Start at the top, I thought. I found a thick folder with papers in it, official stuff, old and yellow, and I set it aside. Maybe a will, I thought, maybe something important about the woman’s life.

It was like an archaeological dig, everything packed in layers. On top were two winter coats and boots with labels from Macy’s. There were copies of the New Yorker that dated back ten years. Underneath were books, huge tomes in Russian on socialism, economics, history.

Then more clothes. Fancy dress-up clothes, evening things, stuff she might have worn to go out, and hats, and shawls. Beneath these were some stage costumes-Robeson’s, I wondered?

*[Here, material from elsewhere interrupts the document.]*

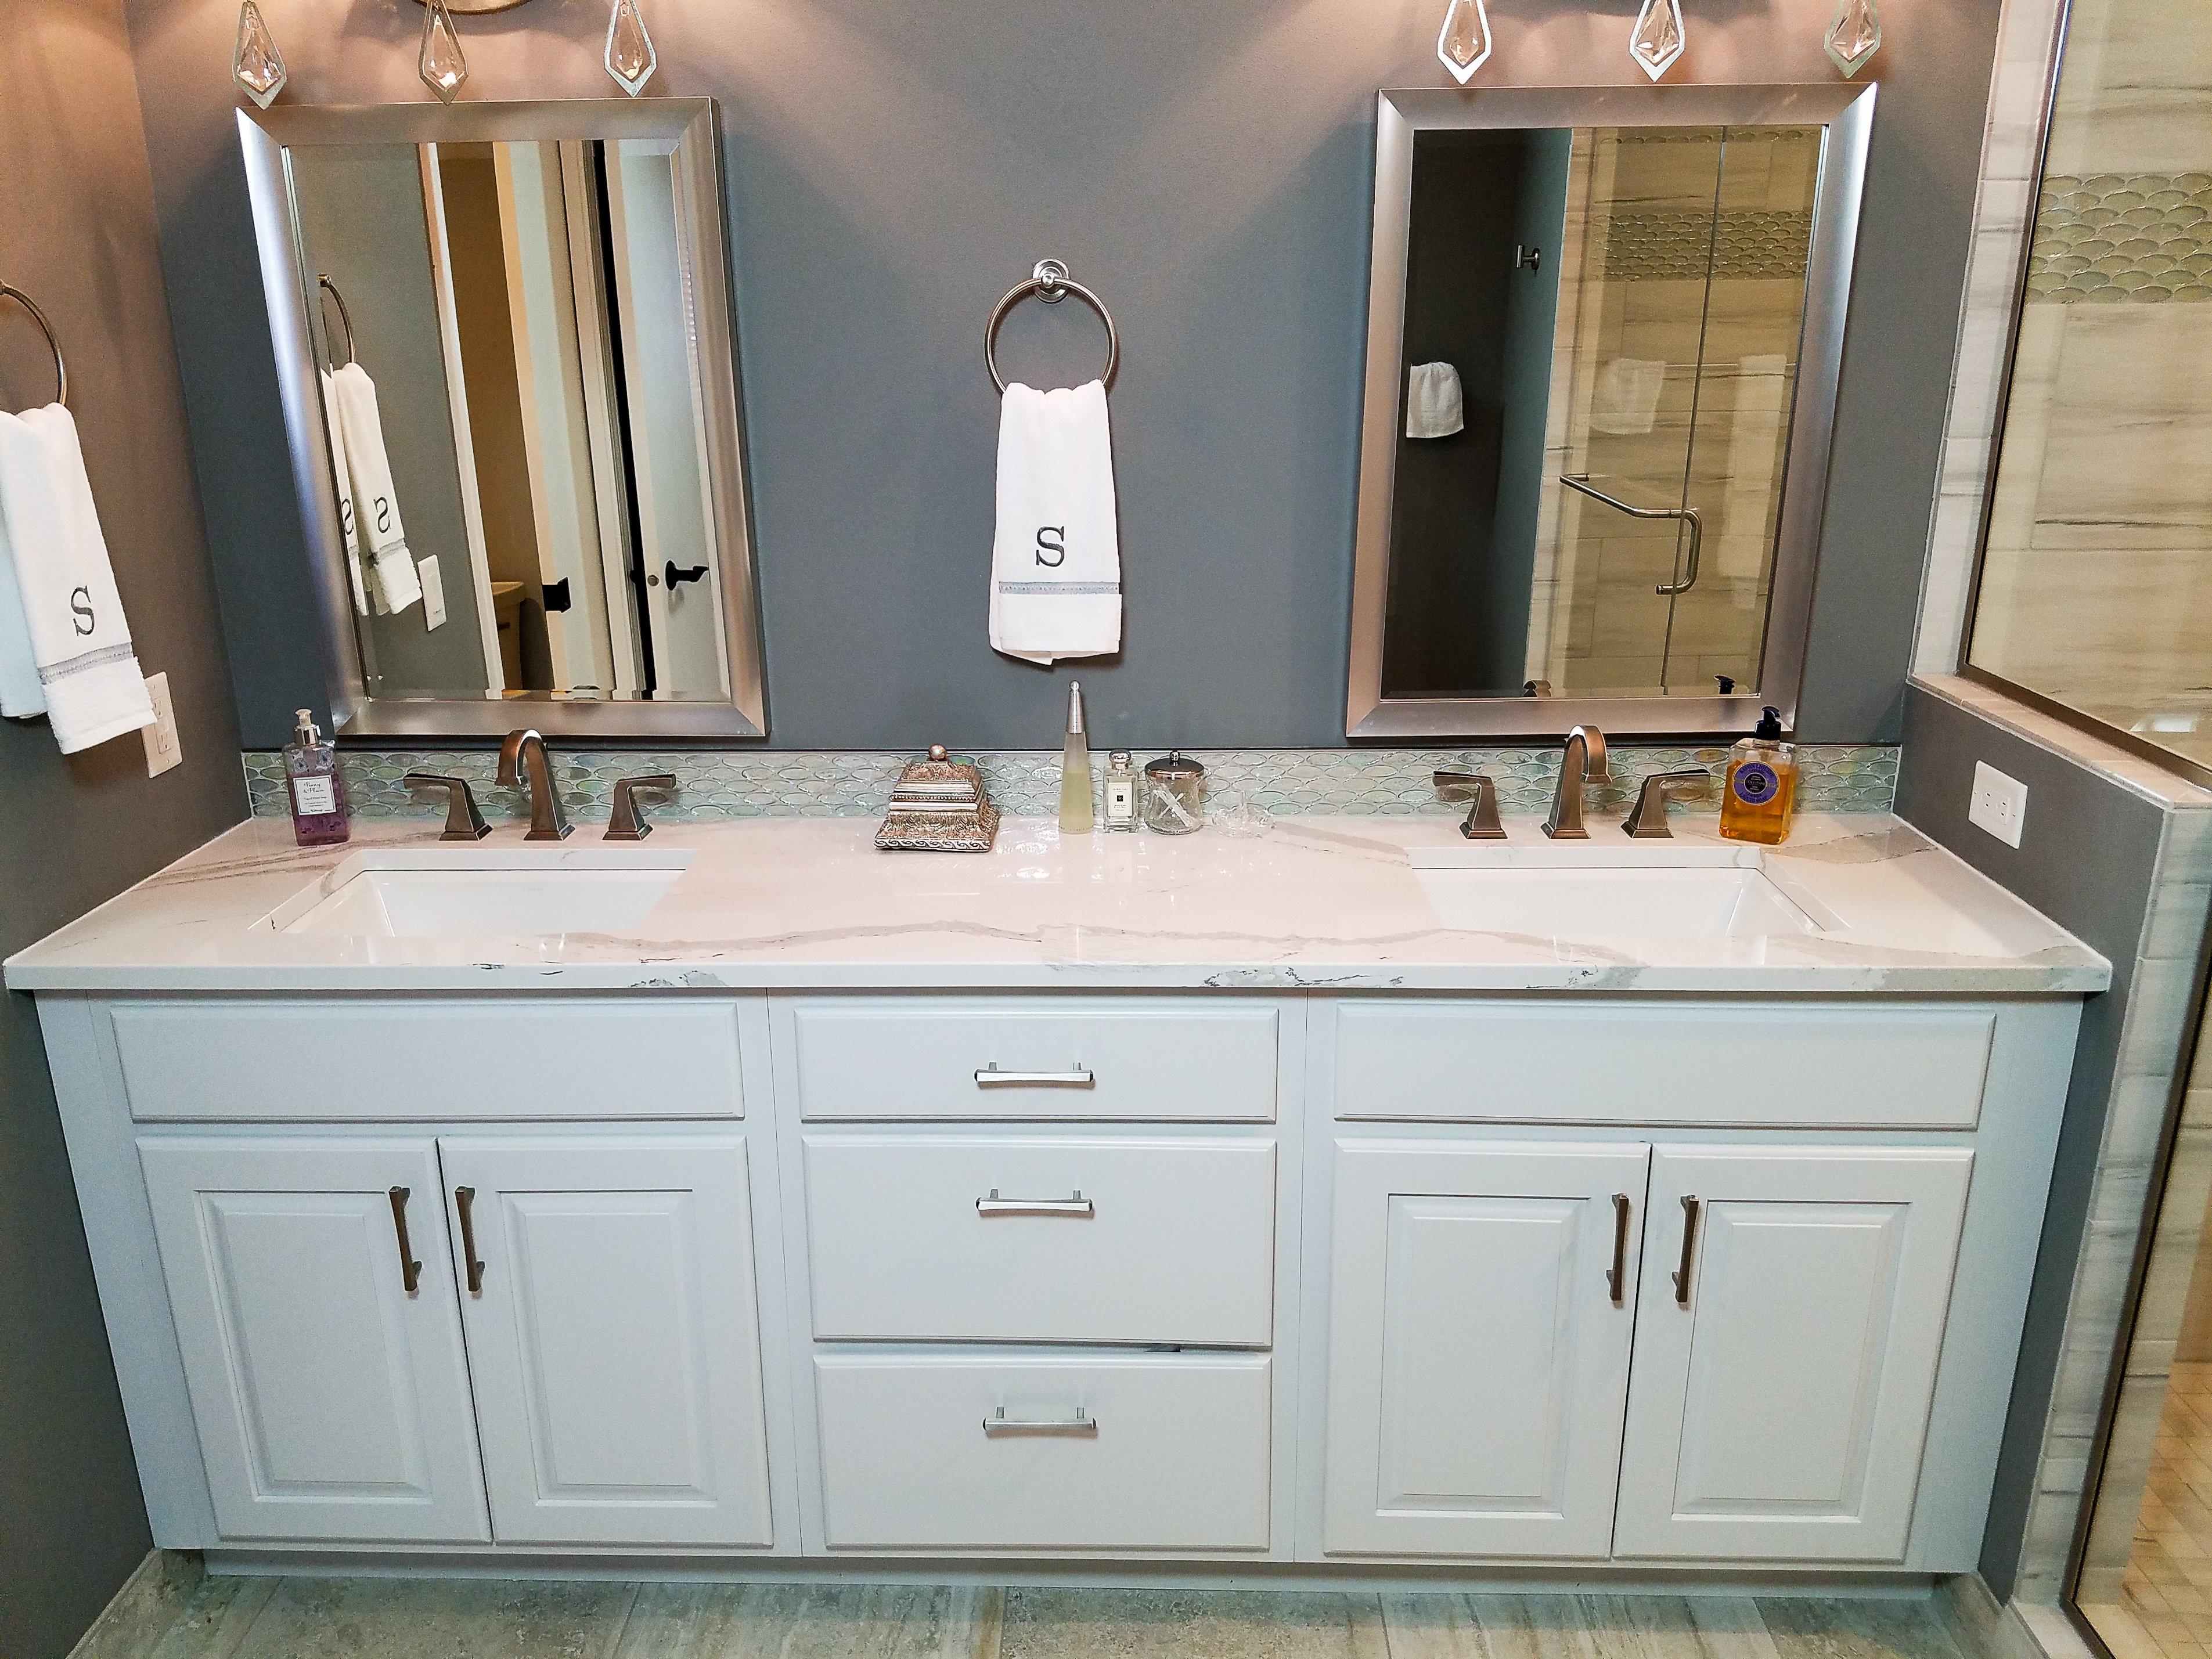 Bathroom Design, double sink vanity design, white vanity cabinets,

I dug further. There were military uniforms, heavy rough pieces, brown, khaki, scratchy fabric, stiff with age, and with them thick leather belts and broken boots. Maybe her father had been in the war. I even found a Young Pioneer’s outfit, complete with shirt, shorts, red scarf, stinking of ancient kiddie sweat. I’d had one like it that I’d hated. In a cardboard hatbox, I found a little nest of children’s clothes with American labels. A little boy’s clothes.

At the bottom of the trunk were old Soviet magazines, including the famous issue of Soviet Life with the bear on the cover, along with copies of Pravda, Komsomolskaya Pravda, Izvestia.

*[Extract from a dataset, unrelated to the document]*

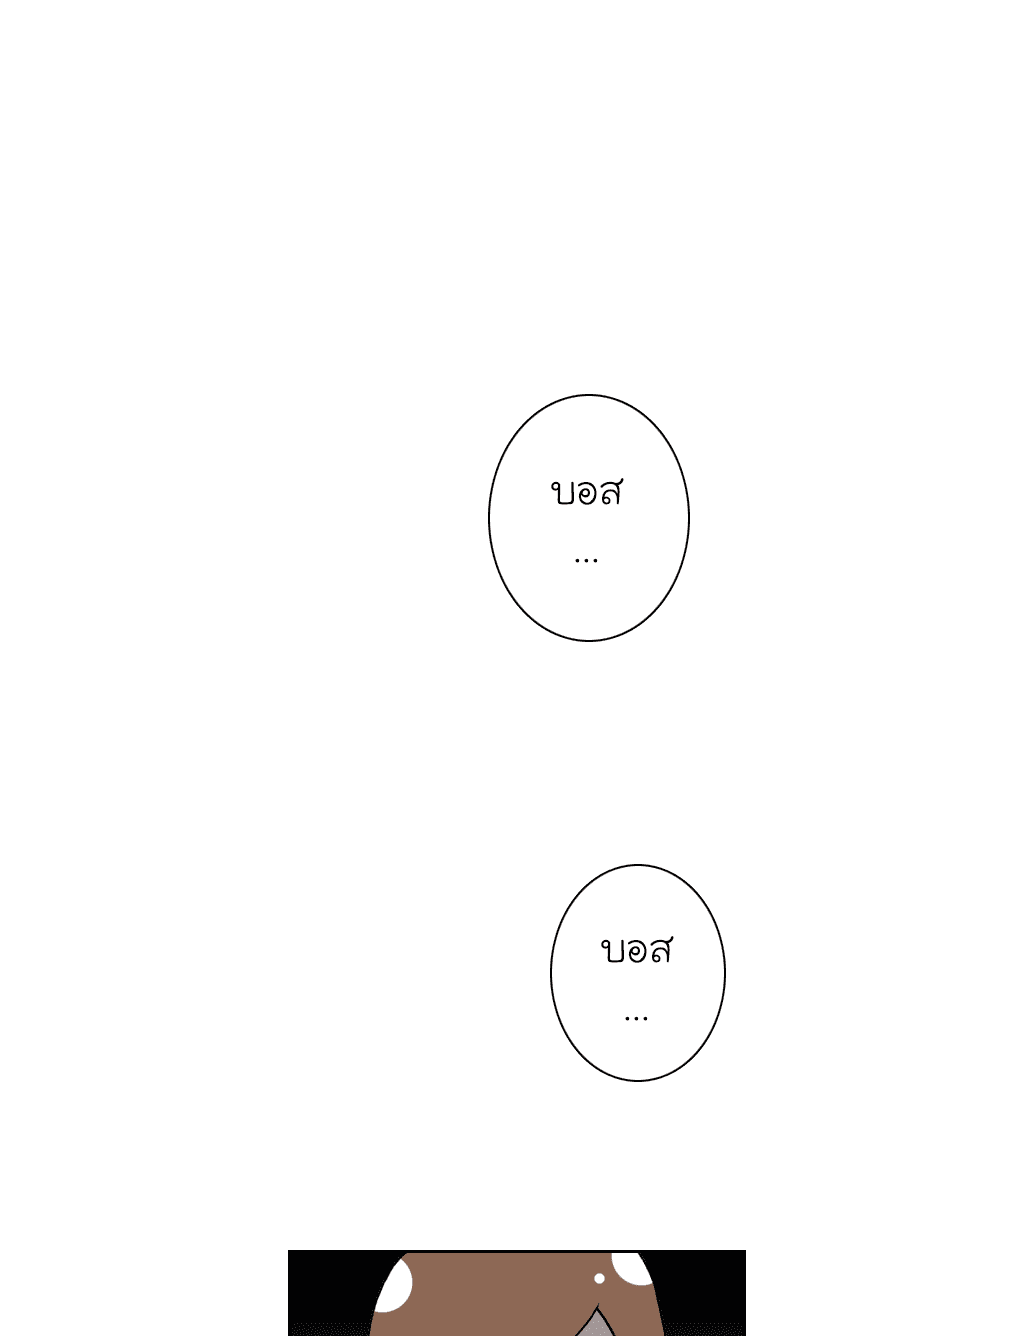 Page 38 - ไม่เก่ง

I took out one brittle yellow paper and it crumbled into my hand. It was from October of 1962, the year of the Cuban Missile Crisis, when my own father, a young KGB agent, was stuck in New York. I had read his diary. In one of the newspapers now, mesmerized by the style of the propaganda, I read an article about Cuba. Russians loved their little socialist brother, the author had written. How stylish and handsome and brave were its barbudos, the bearded ones, how wonderful the music. That year, the top hit in Moscow was “Cuba My Love.”

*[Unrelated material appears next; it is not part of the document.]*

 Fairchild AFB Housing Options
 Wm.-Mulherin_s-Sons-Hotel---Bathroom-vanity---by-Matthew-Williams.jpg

I used my flashlight to read the papers. There were stories about Paul Robeson’s visit to Moscow, about the wild party in 1961, about his alleged suicide attempt and the CIA’s efforts to silence him.

There was more. Programs from Robeson’s performances, articles about his part in the Spanish Civil War, a thousand-page biography. It was as if Simonova had been trying to piece together his life, as if she had been an actress preparing for the part of his lover. I wondered if she had made it all up, a story she retailed to make herself important, a tale that had ensnared Lily.

Finally, I found a shoe box-B ONWIT T ELLER, the logo said-and I rummaged through it. There were glass baubles, red velvet flowers, gold bows. There was a small, flat box addressed to Lily. I put it in my pocket. Ready to leave, I turned off my flashlight.

Something hit me hard on the back of the neck. The pain was so intense I wanted to vomit. I could hear somebody behind me in the storage room breathing hard. I kicked out as hard as I could. I kicked again and again, fumbling at the same time for my gun. Remembered I’d left it in my car when I went into the hospital.